By comparison, New World regions are relative babies on the wine scene. In the late seventeenth century, European settlers brought high-quality grapevines to South Africa, Australia, and North and South America. From there, the grapevines and the craft of winemaking spread, and today wine is made on every continent except Antarctica. From New Zealand to New York, Argentina to China, exciting wine regions continue to pop up around the globe. They emerge with passion, determination, and much greater marketing savvy than any of their predecessors. However, all of them lack one thing the Old World has in its well-worn back pocket: a road map.
California is a great example of a New World region that is proudly and painfully carving its own path. California is responsible for most of the wine production in the United States, and its top wines garner worldwide acclaim. And yet, compared with their European counterparts, the Californians are just getting started.
Technically, the state has been making wine for about a century. Unfortunately, in the early 1920s, just as things were starting to get interesting, Prohibition obliterated almost all of California’s 713 bonded wineries. The handful that remained survived only by acquiring a license to make shoddy wine for religious purposes. Prohibition was, of course, eventually repealed (thirteen excruciating years later), but it left a deep scar on America’s perception of wine and on the country’s wine consumption. The California wine industry did not truly emerge until the 1970s. It took nearly half a century to restore the number of operating wineries back to pre-Prohibition numbers.

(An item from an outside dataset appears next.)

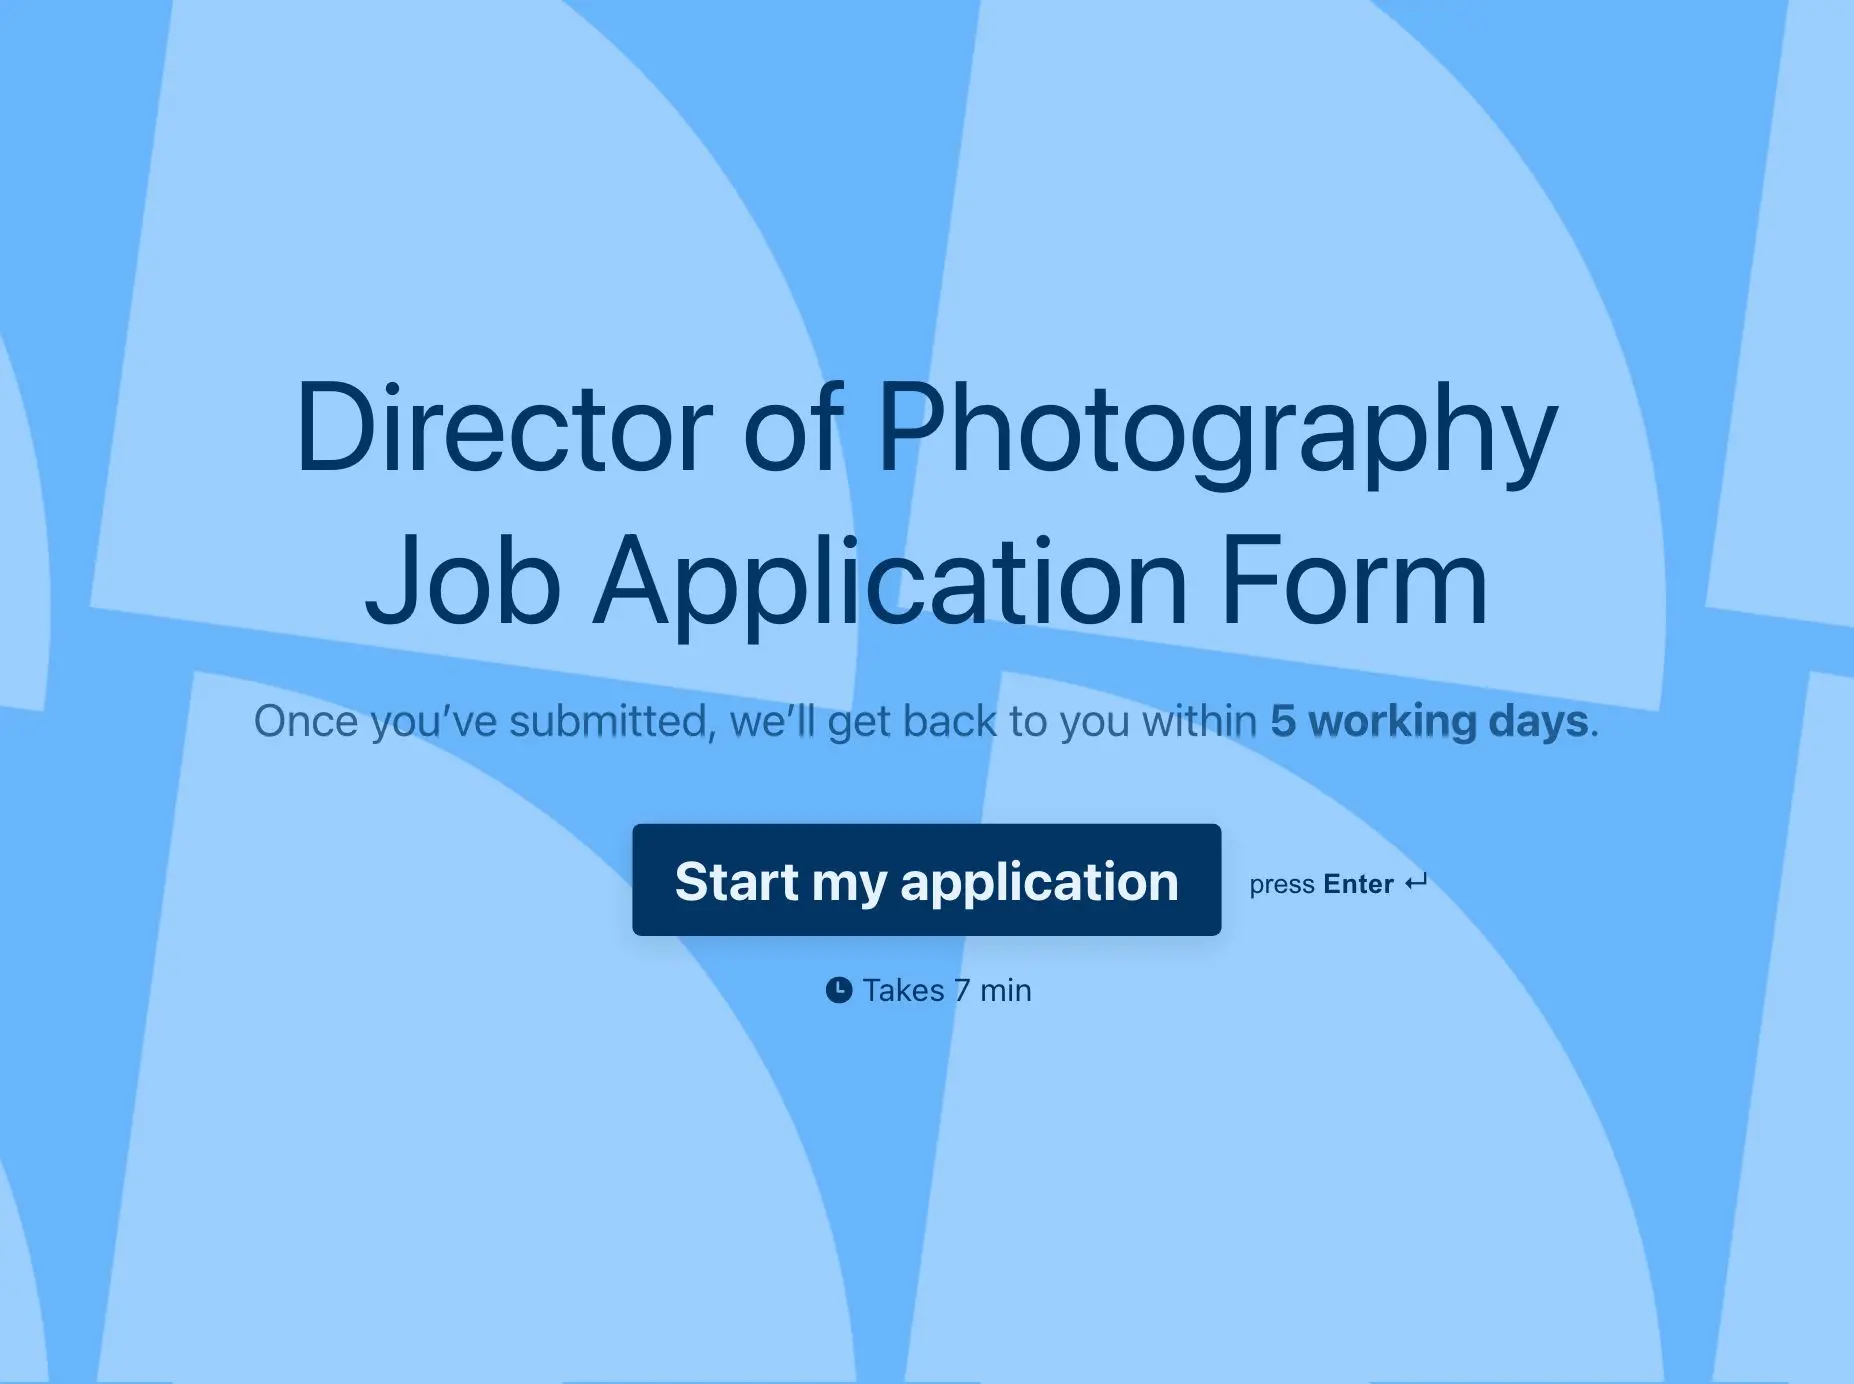 Director of Photography Job Application Form Template Hero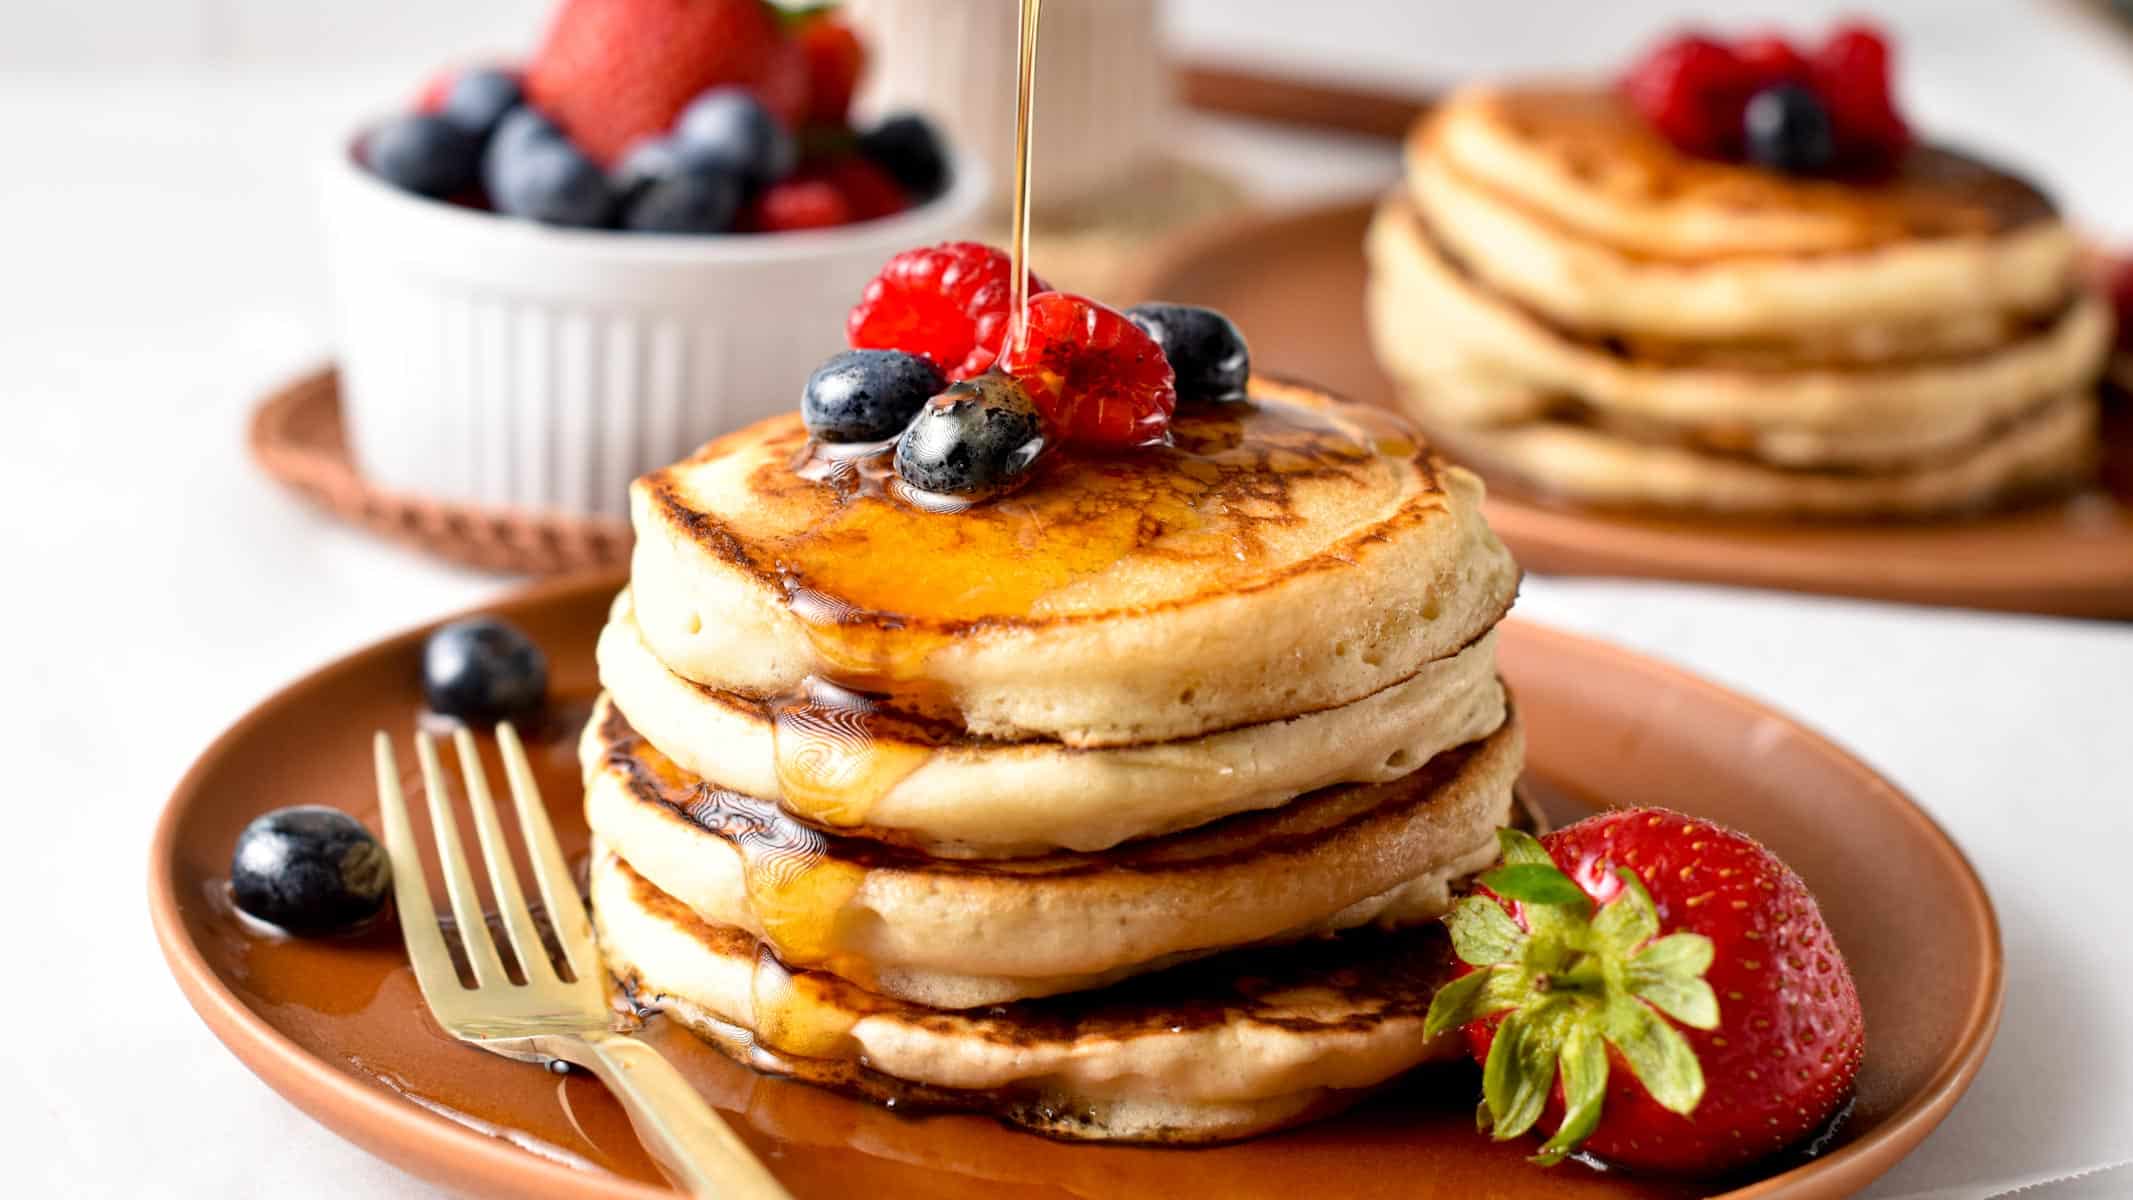 These eggless pancakes are easy fluffy pancakes perfect for an egg-free breakfast, Plus, these pancakes are also dairy-free and therefore vegan friendly so you can share them with all the family.

Most New World winemakers and grape growers will admit they have a lot to learn. Despite the challenges of forging industries on their respective continents, they are enthusiastic pioneers. In fact, if you were to visit any New World winery today, I’m certain you’d hear them say they are experimenting with growing this grape variety or that, that they are correcting some huge mistake they recently made in the vineyard, or that they are excited about a new technology or technique they are trying. In other words, they’re still figuring out what works. Fifty years is but a blip when it comes to wine. California, and other New World regions, will certainly evolve considerably in another millennium.